现在的状态就是哪怕有菲林特的供词,但物证并不能证明背后是欧赫唆使,而他的嘴像是灌了铅一样,不管是威逼还是利诱,都根本撬不开。
而除了工作内容以外,职场人际关系也依然困扰着艾尼默小鹿。
自从闻铮把暗影组的临时指挥权交给江悦而不是林瑜淞之后,组里的氛围好像变得若有似无的奇怪起来。
倒也不是说林瑜淞不配合工作,但江悦总觉得这种奇怪感,绝不仅仅是她的心理作用。
她轻轻叹了口气,端着自己的咖啡就往外走,却在下一刻转身之际差点和对面的人撞一起,咖啡在杯子里晃起波纹,要不是因为有杯盖挡着,一场洒得到处都是的惨案就要发生了。
但江悦也很不好意思,她连忙对眼前的人道歉:“不好意思,我没看路,您没事吧——?”
“我没事,不必放在心上——咦,我好像见过你。”
江悦听到这句话有些发愣。再抬头看去的时候,对面是一个棕发棕眼的Alpha,正含笑看着她:“江悦,对吧?我记得你是……暗影组的指挥官?”
——糟糕。
江悦在看到眼前这个人的下一刻就在心里大叫。
她扯开一个标准假笑:“您好,段上将。”
眼前差点被她泼一身咖啡的人,正是新调到7号星的军部上将,段洄。
她只在官方宣布警部和军部联合管理的大会上遥遥看过段洄一眼,对这个长相阴柔的Alpha印象还蛮深刻的,毕竟看上去确实没长着一张正派脸,眼睛狭长眼尾上挑,一看就满肚子心眼。

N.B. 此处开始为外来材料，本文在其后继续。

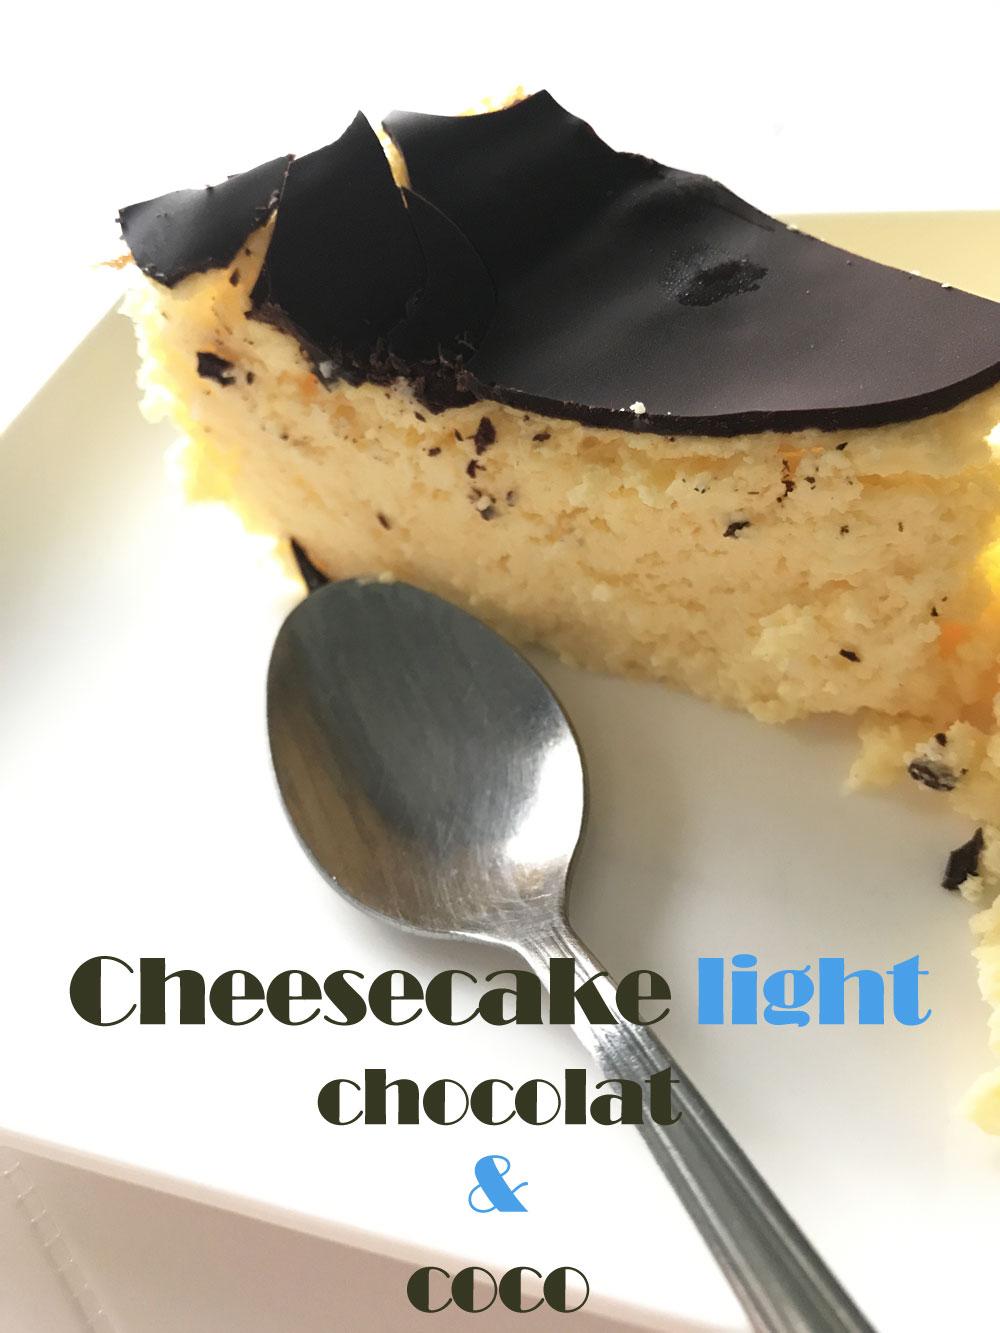 cheesecake moins de 200 calories je suis gourmande mais je me soigne. Black Bedroom Furniture Sets. Home Design Ideas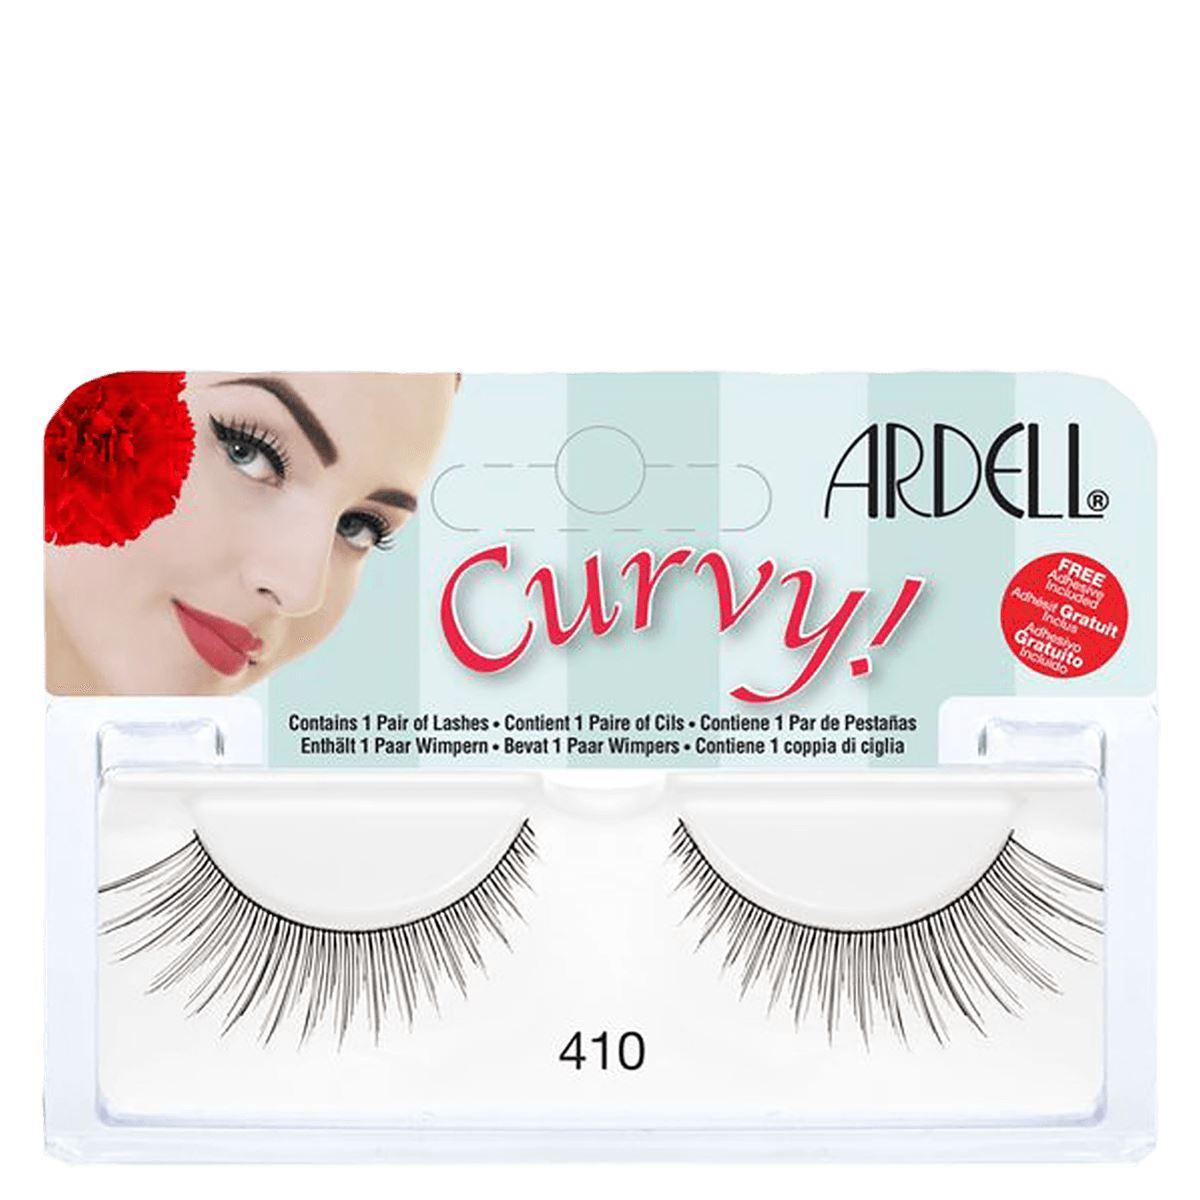 80c57544c37 Ardell Curvy Lashes 410 Black 74764615541 | eBay

虽然如此,她还是纠正了段洄:“我只是暂代暗影组的临时指挥官,暗影组的真正指挥官还是闻哥。”
“哦~这样啊,”段洄饶有兴味地弯起眼睛,“倒是久仰这位闻指挥官,可惜没机会见到呢。”
“会有机会的,”江悦礼貌道,“闻指挥官只是出外勤,外勤任务结束就会回来了。”
“嗯,真好,我很期待。”
段洄笑着说,不经意地又问了一句:“他的名字就叫闻吗?”
江悦一顿,有些奇怪地看向他,不太清楚他为什么会问这样一个常识性的问题:“对的,单字姓名在联邦又不是什么稀奇的事情。”
更何况闻也算得上在联邦比较常见的姓名了。
段洄莞尔:“没什么,是我说废话了。”
他侧身让开路:“不耽误江指挥官时间了,我们下次有机会再一起喝咖啡?”
江悦也对他报以理解性的微笑:“当然,一定。”
谁要和你喝咖啡……
江悦走出咖啡店,回头还看了一眼在柜台前等咖啡的段洄,秀眉微皱,总觉得这人话中有话,让她很不舒服。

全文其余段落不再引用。